Required work:
Your task is to transcribe the lines from the start of the data below through the line containing "Loksatta Jansatta News", inclusive, exactly as they stand and without the pictures.

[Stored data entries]

---------------

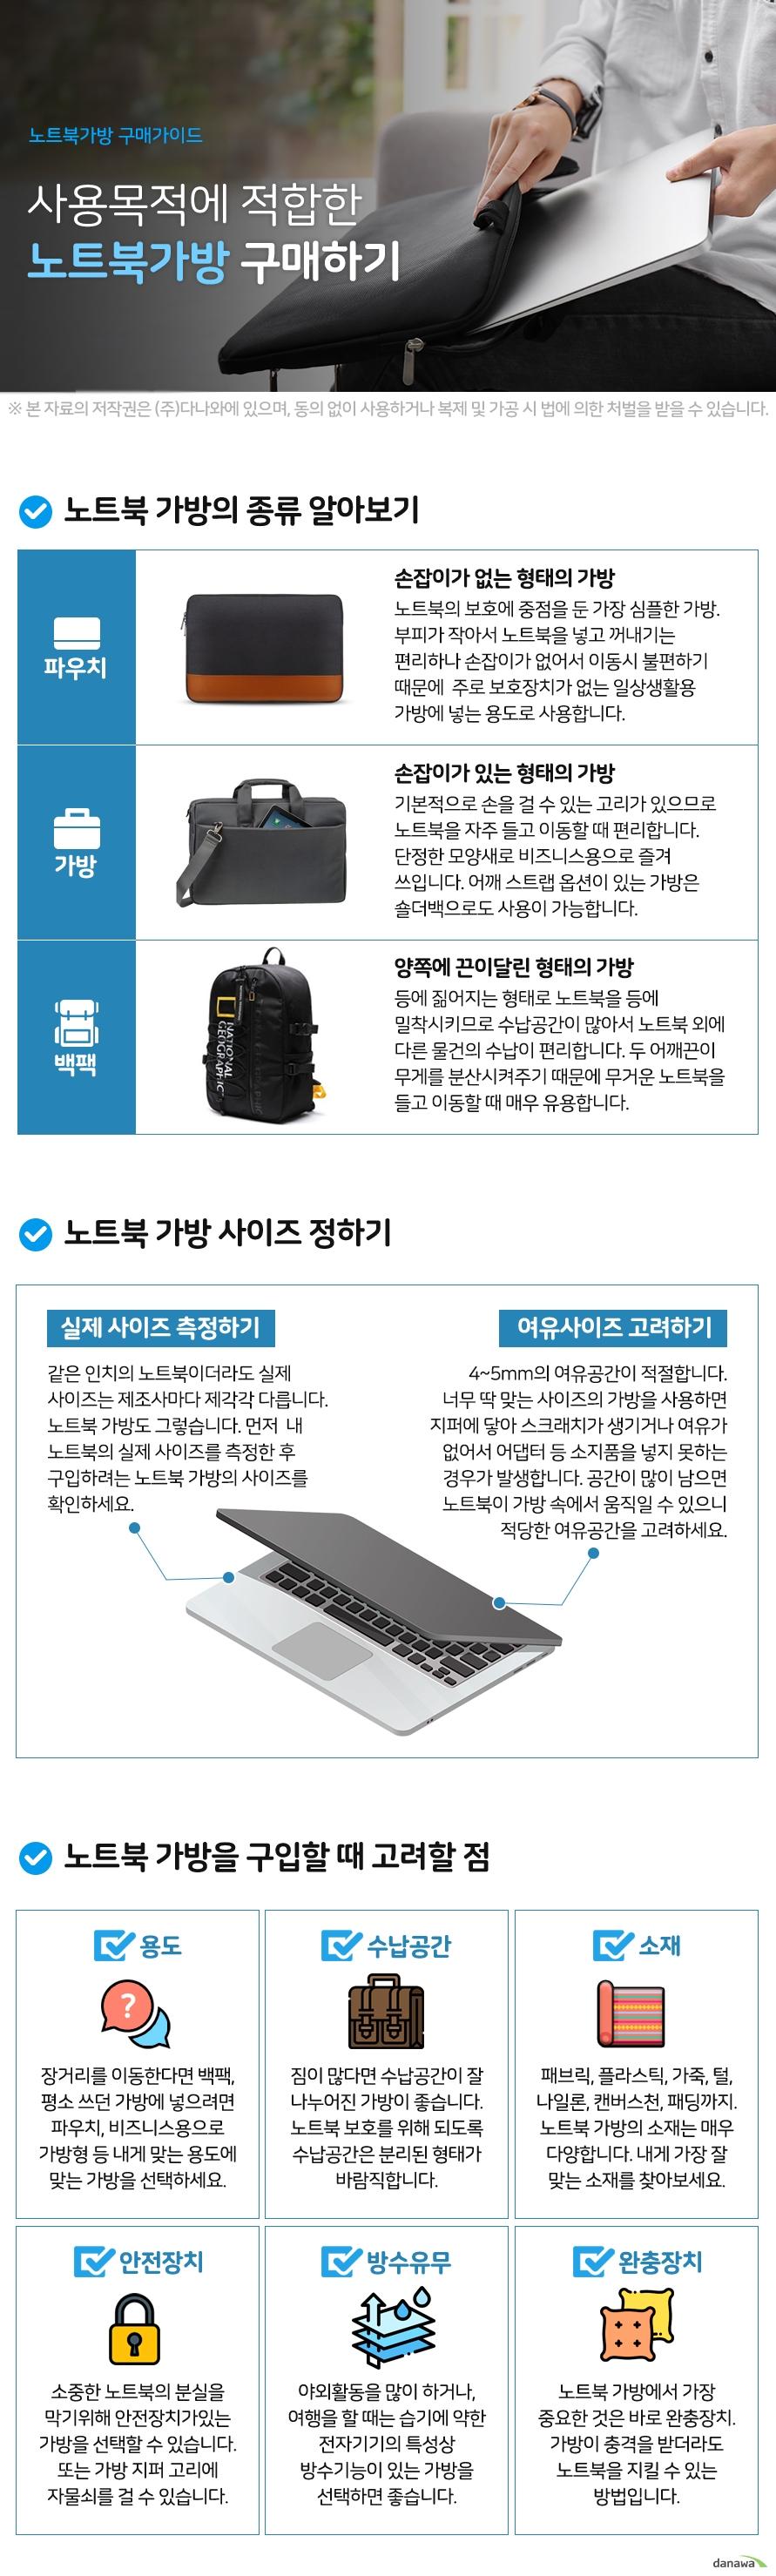 DAMONCOM DAMONCOM 노트북 맥북 파우치 15.6형 NT-395 (블랙)
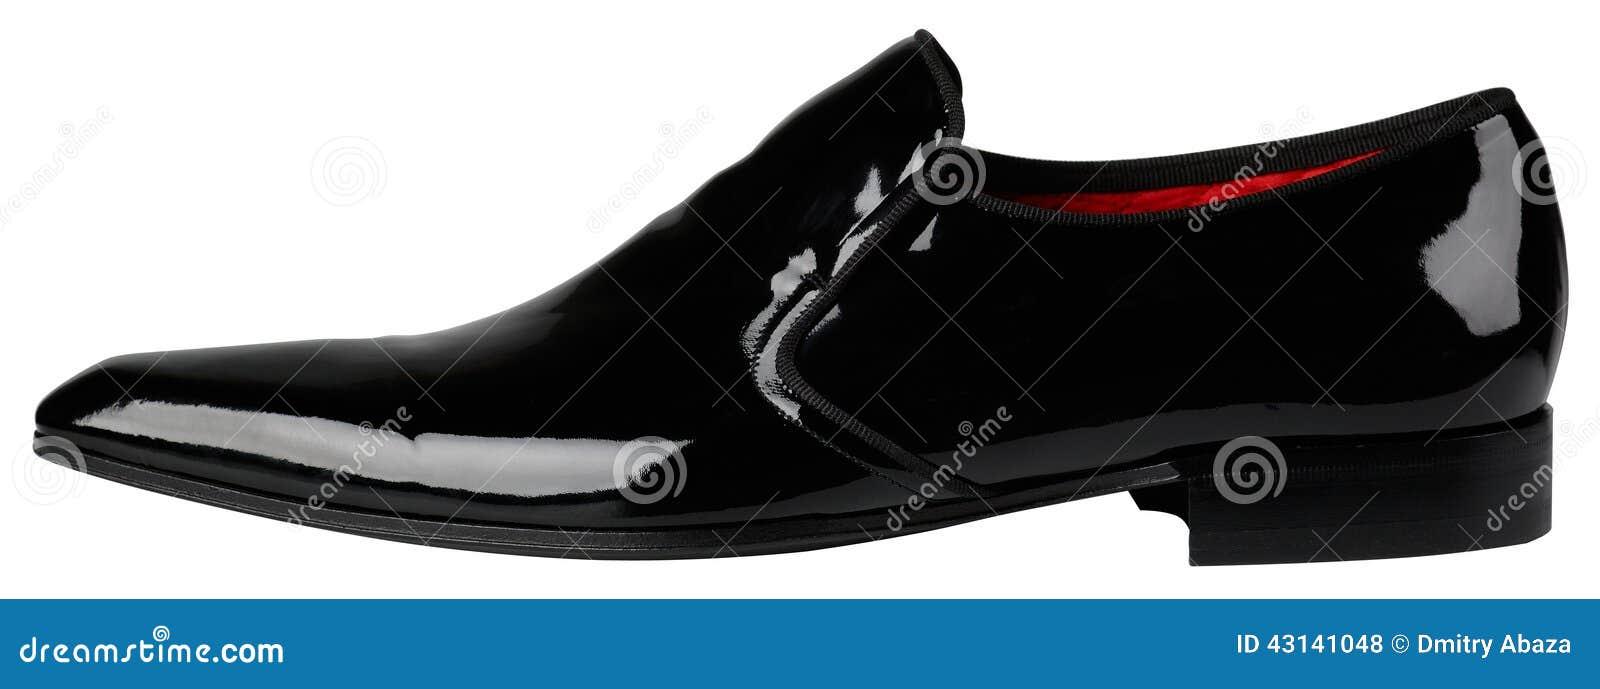 4d7e9b2669a9a Zapatos Clásicos Para Hombre Negros Foto de archivo - Imagen de ...
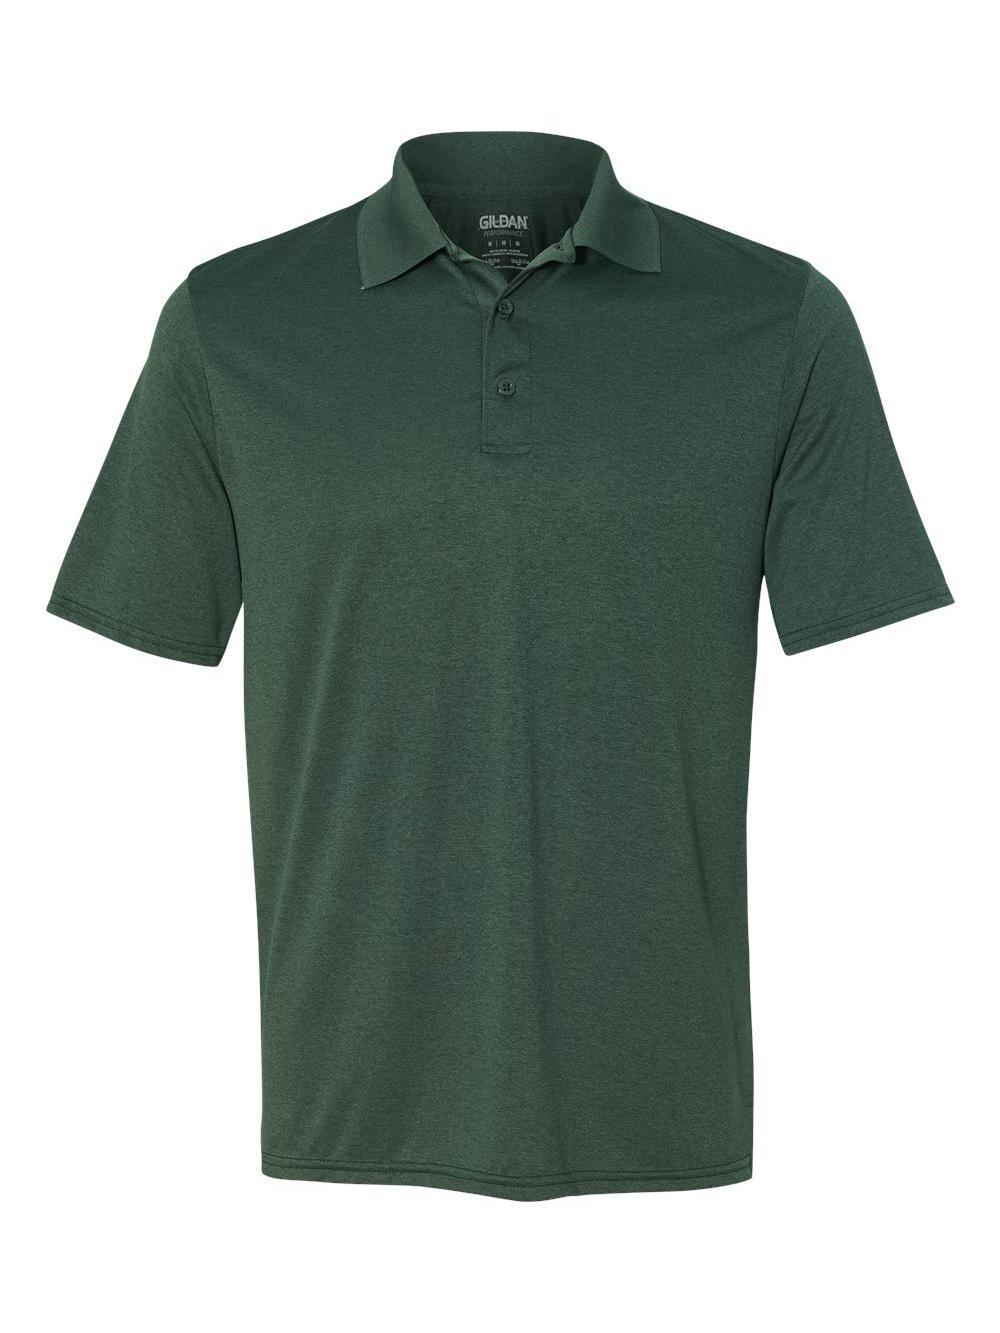 Gildan-Performance-Jersey-Sport-Shirt-44800 thumbnail 9
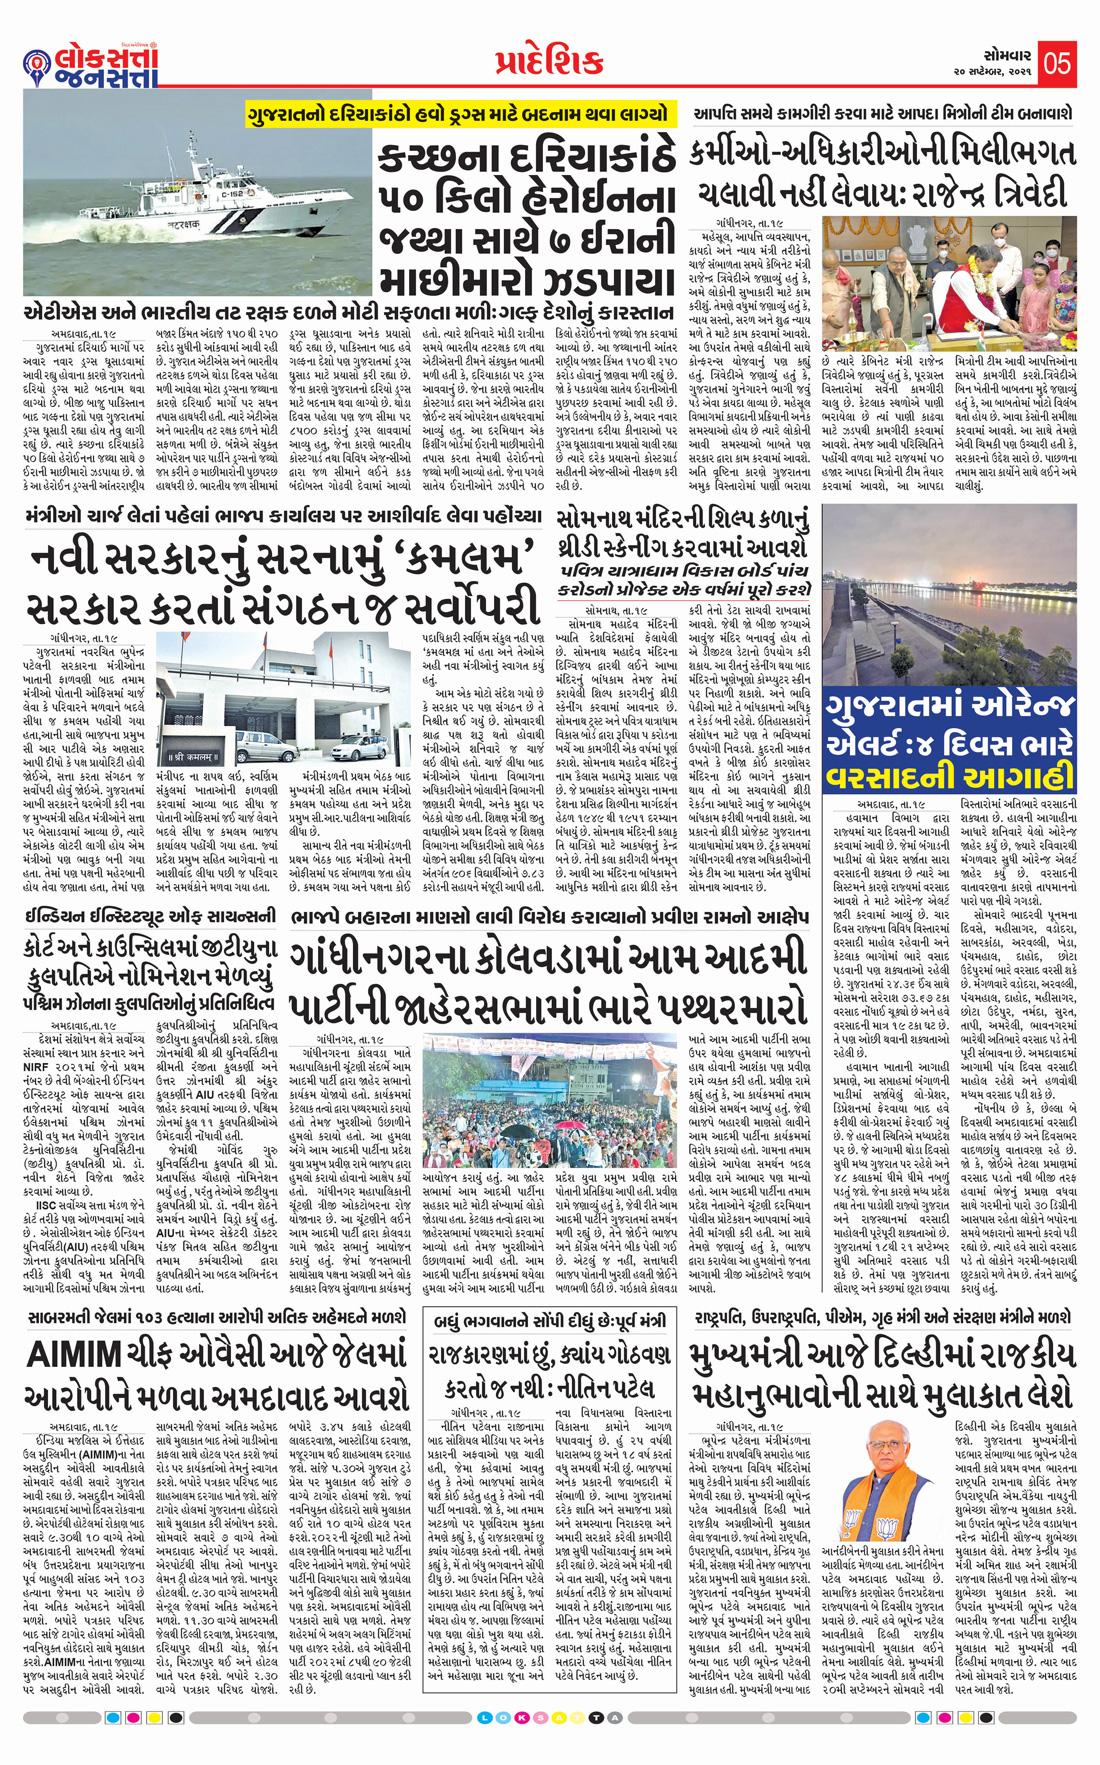 Loksatta Jansatta News Papaer E-paper dated 2021-09-20 | Page 5
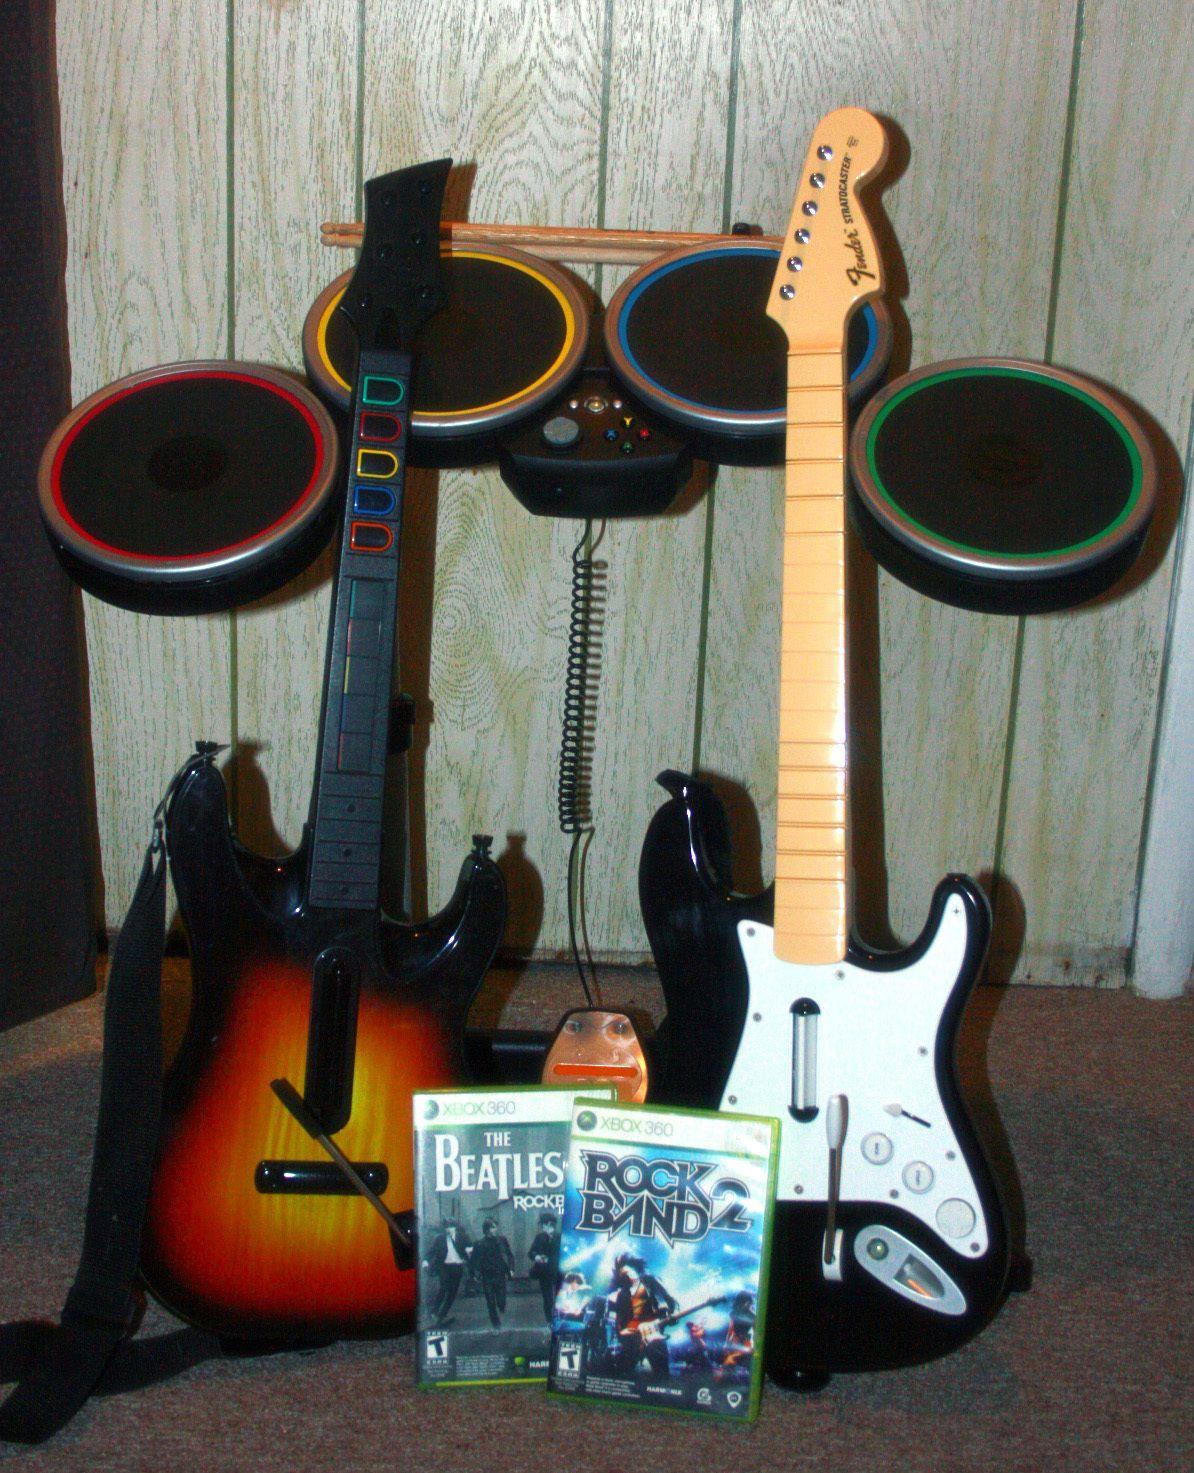 Xbox 360 Rockband 2 bundle: Wireless drums, 2 Guitars, Rock

---------------

Exercise solution:
 DAMONCOM DAMONCOM 노트북 맥북 파우치 15.6형 NT-395 (블랙)
 4d7e9b2669a9a Zapatos Clásicos Para Hombre Negros Foto de archivo - Imagen de ...
 Gildan-Performance-Jersey-Sport-Shirt-44800 thumbnail 9
 Loksatta Jansatta News Papaer E-paper dated 2021-09-20 | Page 5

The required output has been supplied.